Recently 122 democrats voted to not inform people that their personal information had been stolen from the Obamacare website.

http://thehill.com/blogs/floor-action/h ... z2q2NN2EBQ

Does this give us a hint they wish to lie to us?


----------



## blhunter3 (May 5, 2007)

How is the bridge disaster with Christie getting more attention then Benghazi?

The media will pick and choose its stories.

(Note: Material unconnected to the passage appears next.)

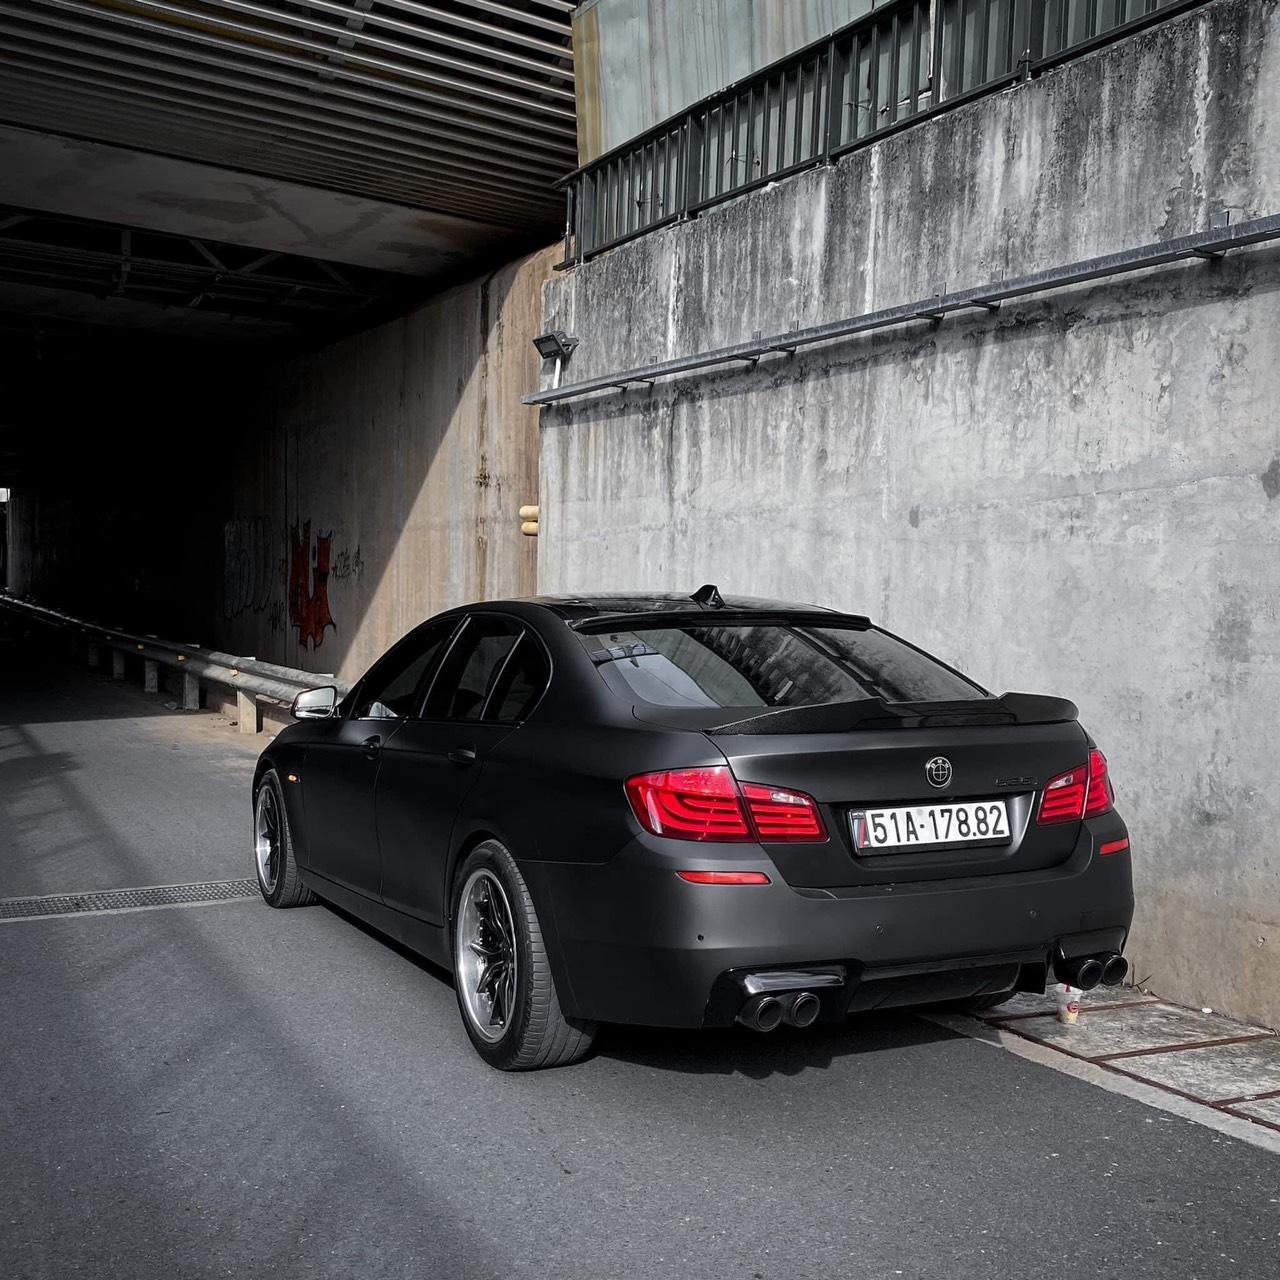 Dán Đổi Màu Xe BMW 535i Đen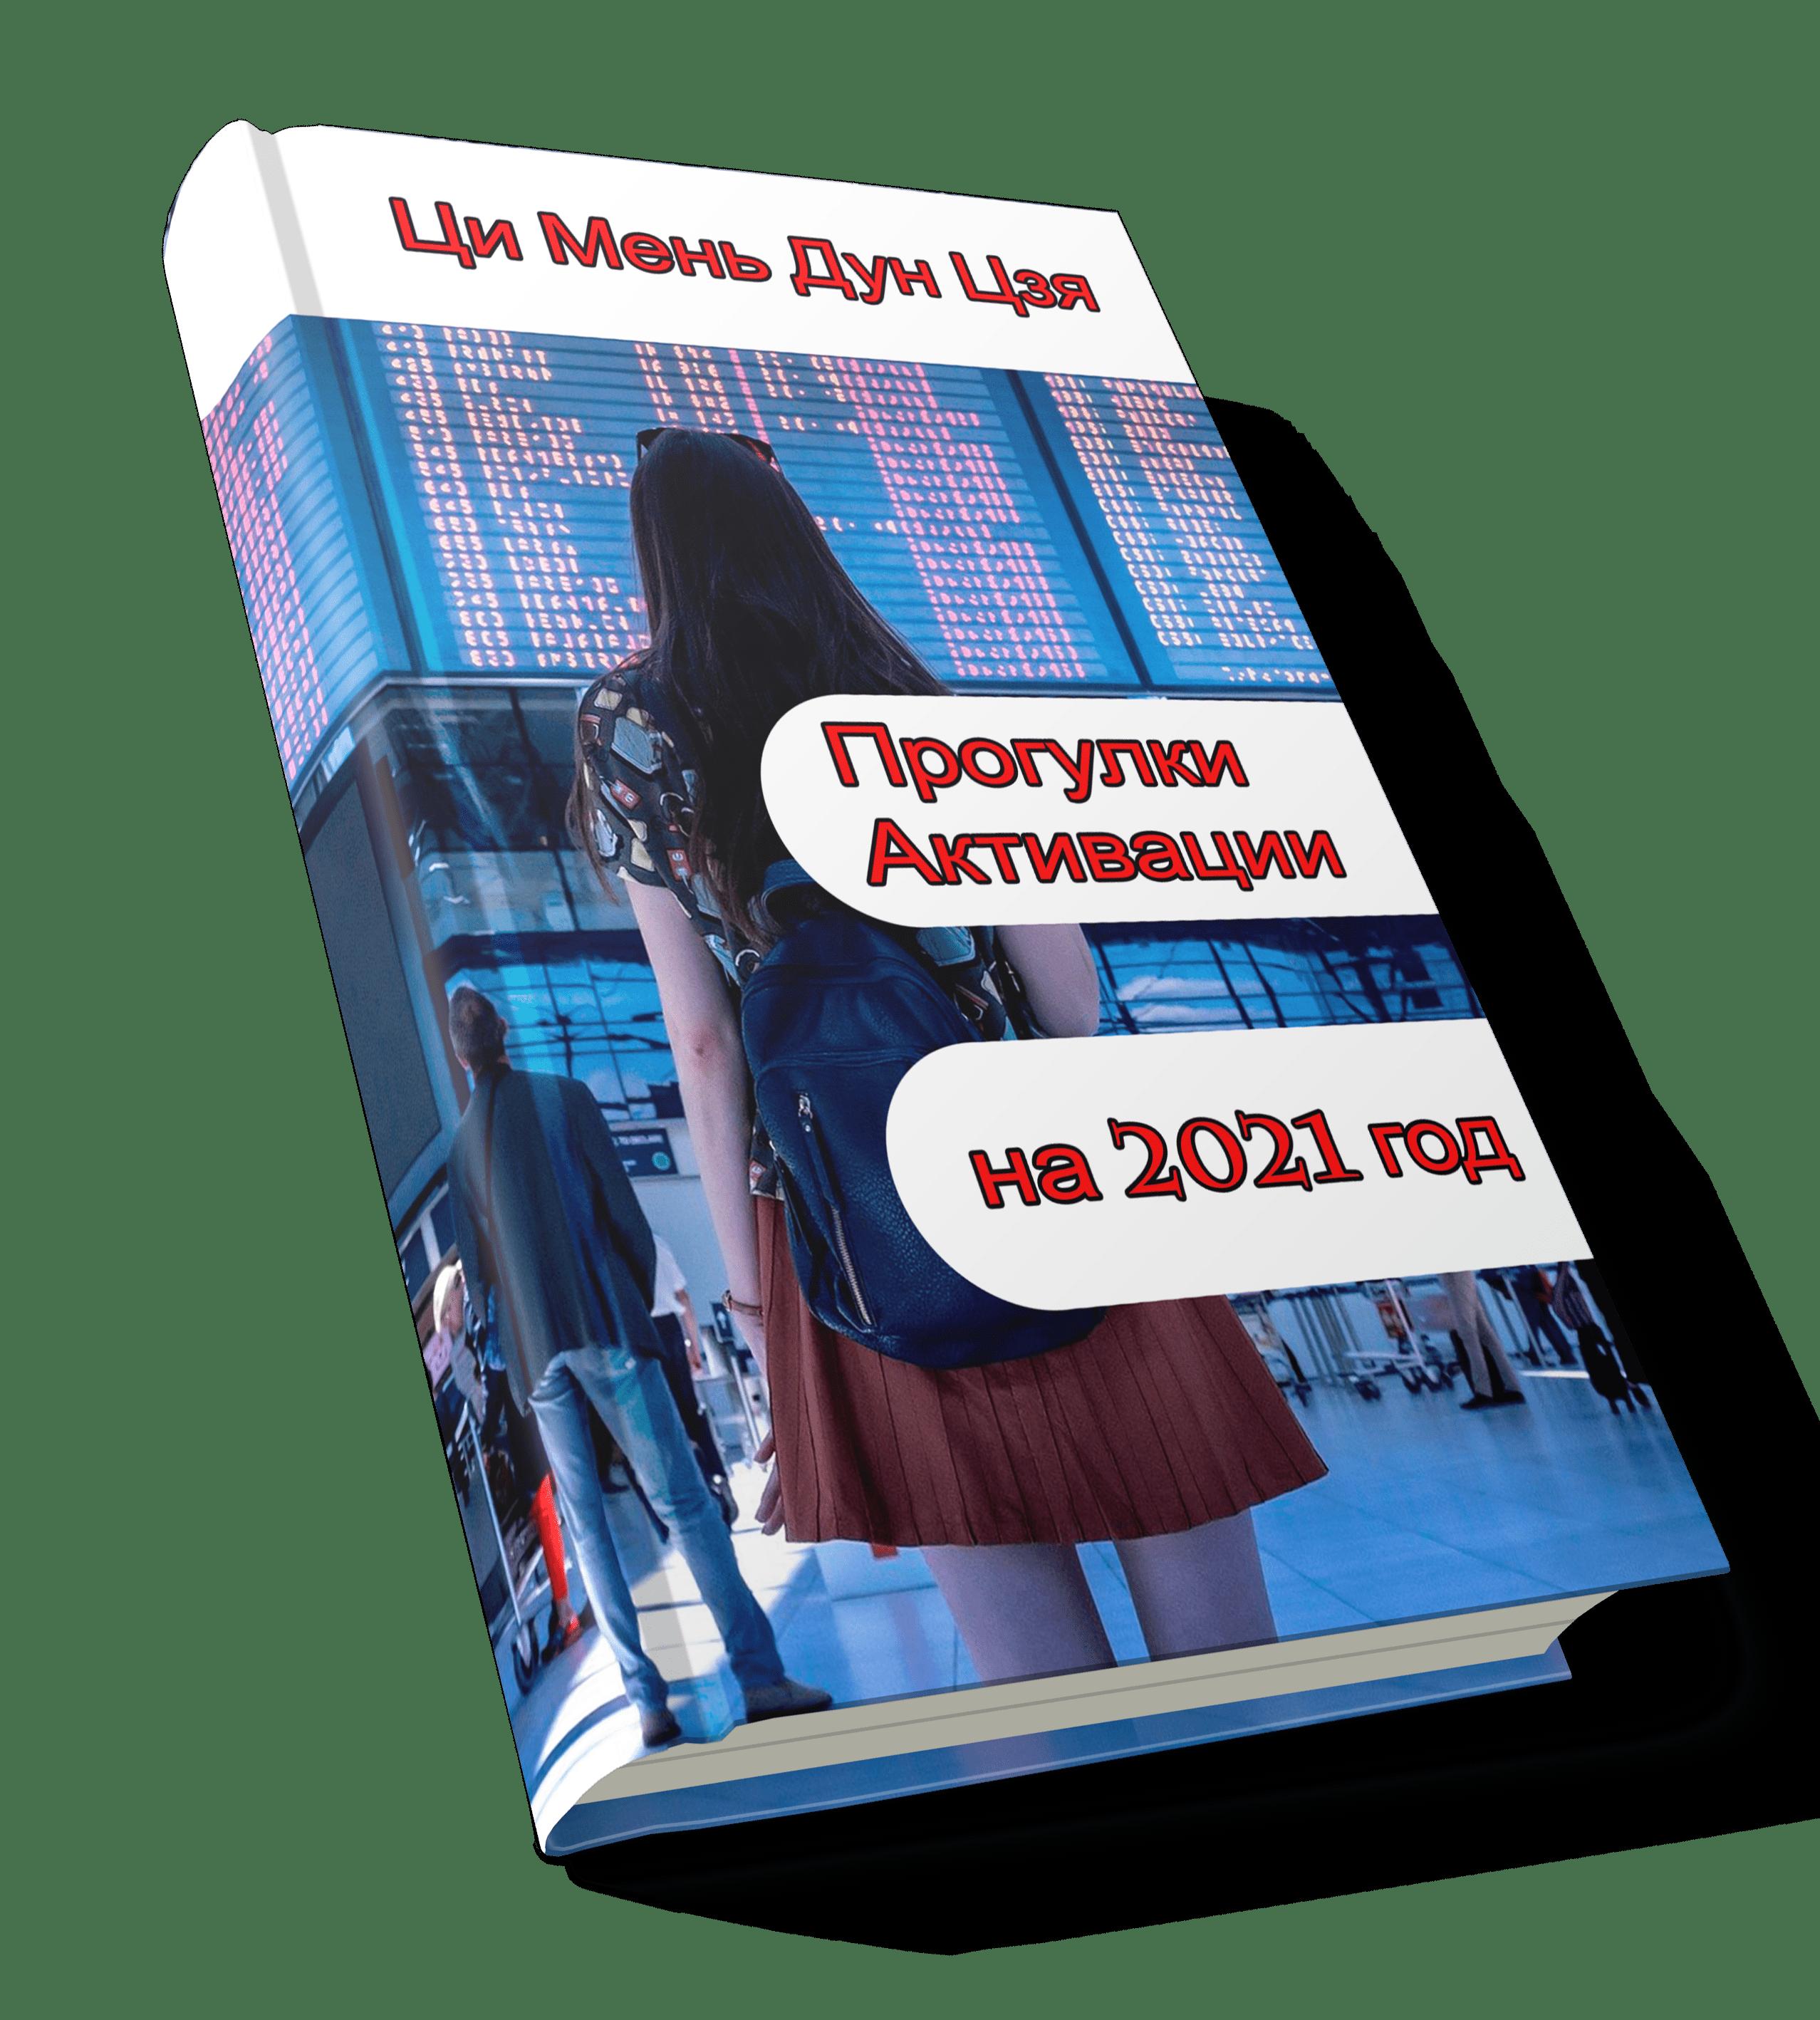 Прогулки Активации Ци Мень Дун Цзя на 2021 год

Does it surprise you they voted like that?


----------



## Chuck Smith (Feb 22, 2005)

> "The administration opposes House passage of H.R. 3811 because it would create unrealistic and costly paperwork requirements that do not improve the safety or security of personally-identifiable information in the Health Insurance Marketplaces," the White House said in a policy statement.
> 
> "Unlike existing requirements, H.R. 3811 requires expensive and unnecessary notification for the compromise of publicly-available information, *even if there is no reasonable risk that information could be used to cause harm*."
> 
> ...


This is what is funny. The last sentence that was issued from the white house... it is in bold/underline. So they don't think SS#'s, addresses, and Birthdays in the wrong hands could do damage??? hmmmm....Isn't that all you need to get a credit card??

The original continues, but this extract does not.